1. Vertical Partitioning: We can partition our database in such a way that we store tables related to one particular feature on one server. For example, we can store all the user related tables in one database and all files/chunks related tables in another database. Although this approach is straightforward to implement it has some issues:

  1. Will we still have scale issues? What if we have trillions of chunks to be stored and our database cannot support storing such a huge number of records? How would we further partition such tables?
  2. Joining two tables in two separate databases can cause performance and consistency issues. How frequently do we have to join user and file tables?

2. Range Based Partitioning: What if we store files/chunks in separate partitions based on the first letter of the File Path? In that case, we save all the files starting with the letter ‘A’ in one partition and those that start with the letter ‘B’ into another partition and so on. This approach is called range based partitioning. We can even combine certain less frequently occurring letters into one database partition. We should come up with this partitioning scheme statically so that we can always store/find a file in a predictable manner.

The main problem with this approach is that it can lead to unbalanced servers. For example, if we decide to put all files starting with the letter ‘E’ into a DB partition, and later we realize that we have too many files that start with the letter ‘E’, to such an extent that we cannot fit them into one DB partition.

3. Hash-Based Partitioning: In this scheme we take a hash of the object we are storing and based on this hash we figure out the DB partition to which this object should go. In our case, we can take the hash of the ‘FileID’ of the File object we are storing to determine the partition the file will be stored. Our hashing function will randomly distribute objects into different partitions, e.g., our hashing function can always map any ID to a number between [1…256], and this number would be the partition we will store our object.

This approach can still lead to overloaded partitions, which can be solved by using Consistent Hashing.

10. Caching

We can have two kinds of caches in our system. To deal with hot files/chunks we can introduce a cache for Block storage. We can use an off-the-shelf solution like Memcached that can store whole chunks with its respective IDs/Hashes and Block servers before hitting Block storage can quickly check if the cache has desired chunk. Based on clients’ usage pattern we can determine how many cache servers we need. A high-end commercial server can have 144GB of memory; one such server can cache 36K chunks.

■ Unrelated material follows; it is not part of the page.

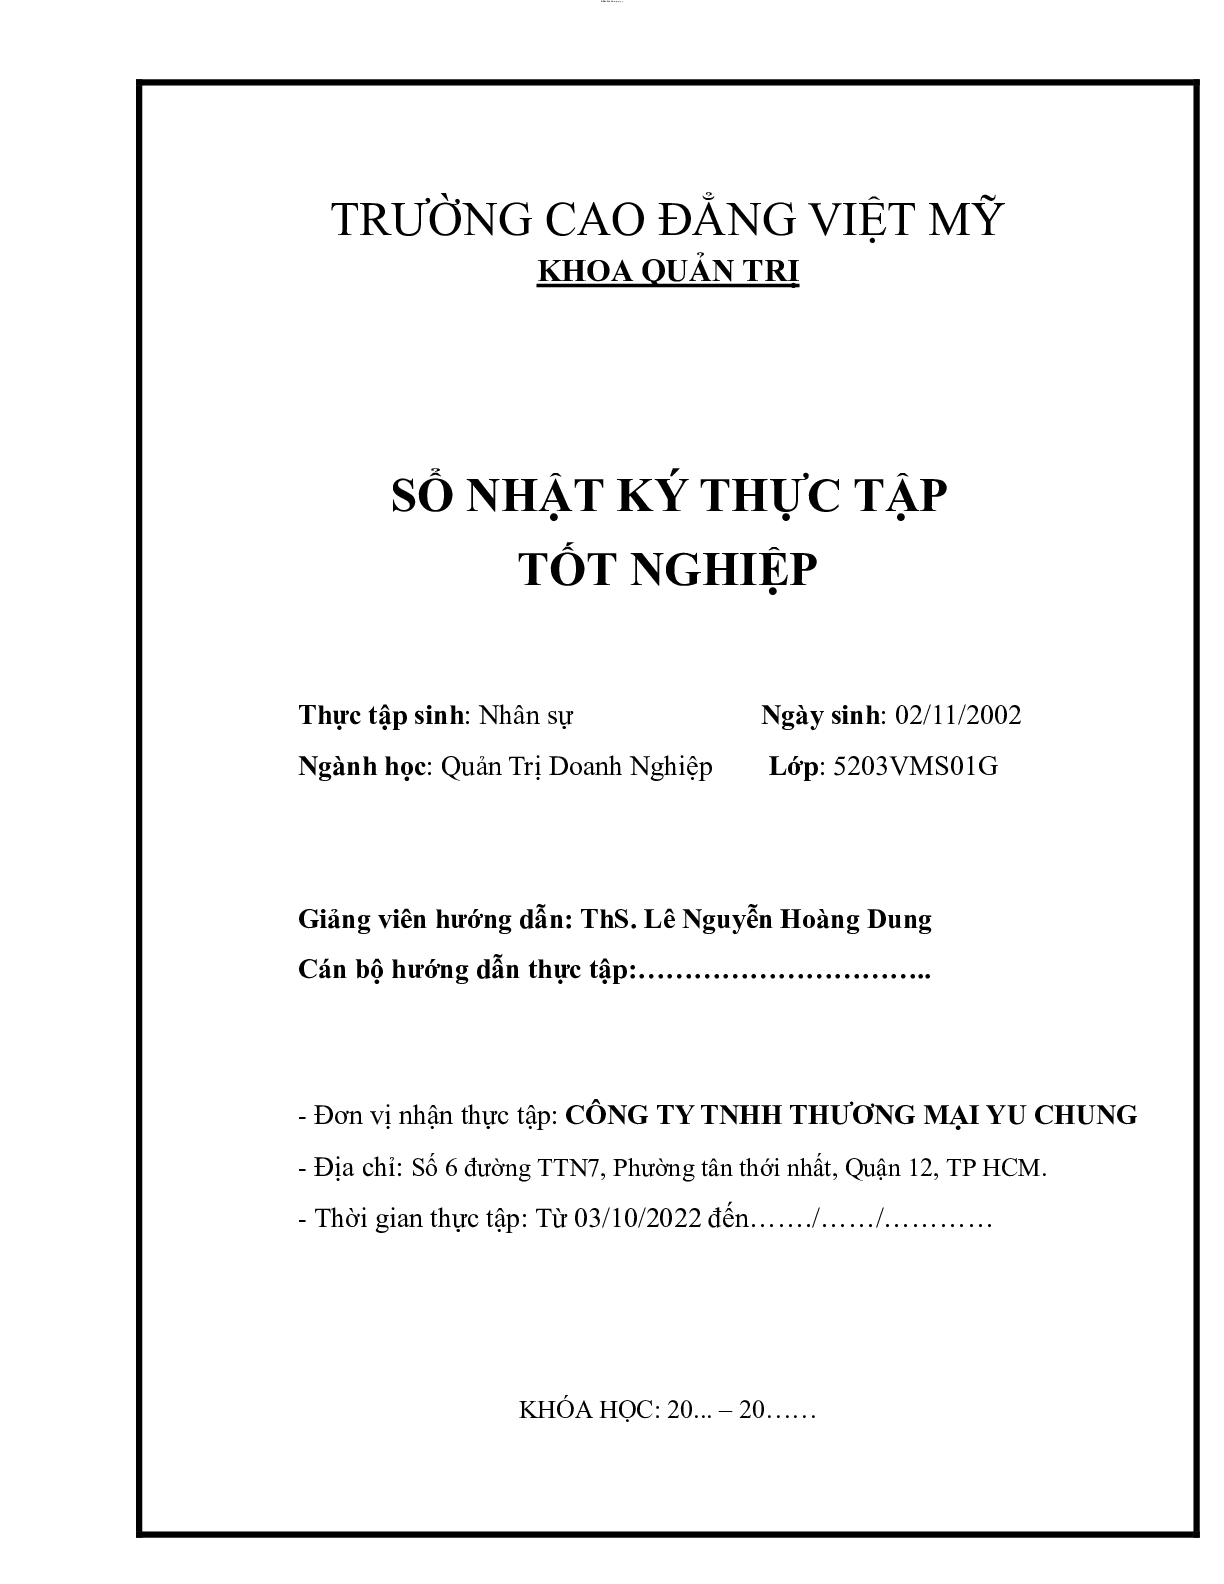 Mẫu Báo cáo thực tập nhân sự | Trường cao đẳng Việt Mỹ (trang 2)
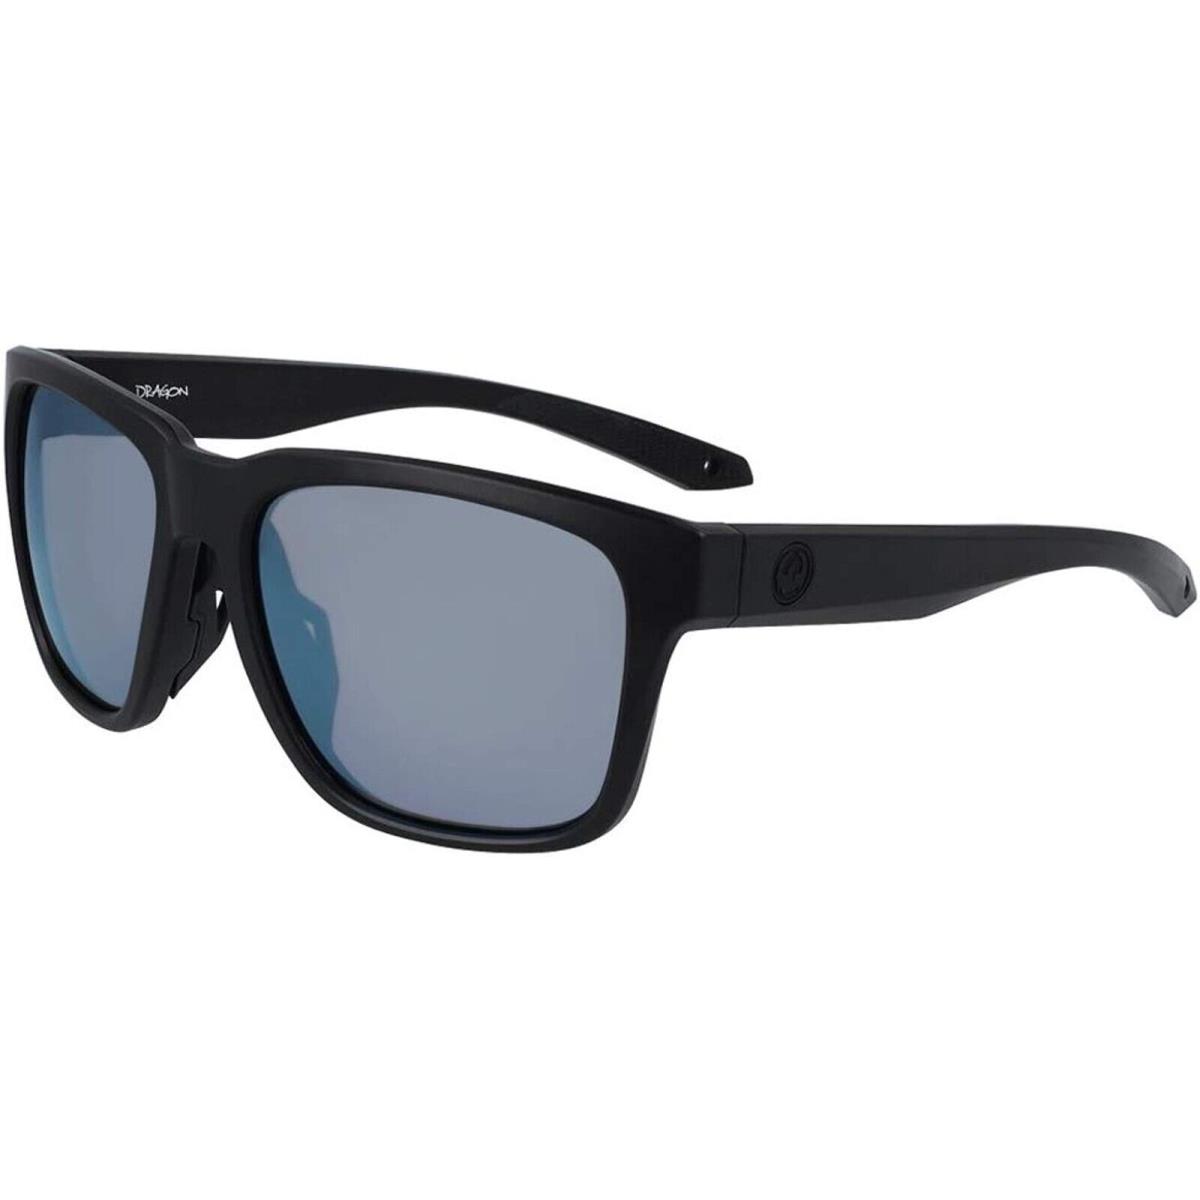 2022 Nwob Dragon Mariner Sunglasses Gray Lens Black Frame H20 Floatable UV

Which cache replacement policy would best fit our needs? When the cache is full, and we want to replace a chunk with a newer/hotter chunk, how would we choose? Least Recently Used (LRU) can be a reasonable policy for our system. Under this policy, we discard the least recently used chunk first. Load Similarly, we can have a cache for Metadata DB.

11. Load Balancer (LB)

We can add the Load balancing layer at two places in our system: 1) Between Clients and Block servers and 2) Between Clients and Metadata servers. Initially, a simple Round Robin approach can be adopted that distributes incoming requests equally among backend servers. This LB is simple to implement and does not introduce any overhead. Another benefit of this approach is if a server is dead, LB will take it out of the rotation and will stop sending any traffic to it. A problem with Round Robin LB is, it won’t take server load into consideration. If a server is overloaded or slow, the LB will not stop sending new requests to that server. To handle this, a more intelligent LB solution can be placed that periodically queries backend server about their load and adjusts traffic based on that.

12. Security, Permissions and File Sharing

One of the primary concerns users will have while storing their files in the cloud is the privacy and security of their data, especially since in our system users can share their files with other users or even make them public to share it with everyone. To handle this, we will be storing the permissions of each file in our metadata DB to reflect what files are visible or modifiable by any user.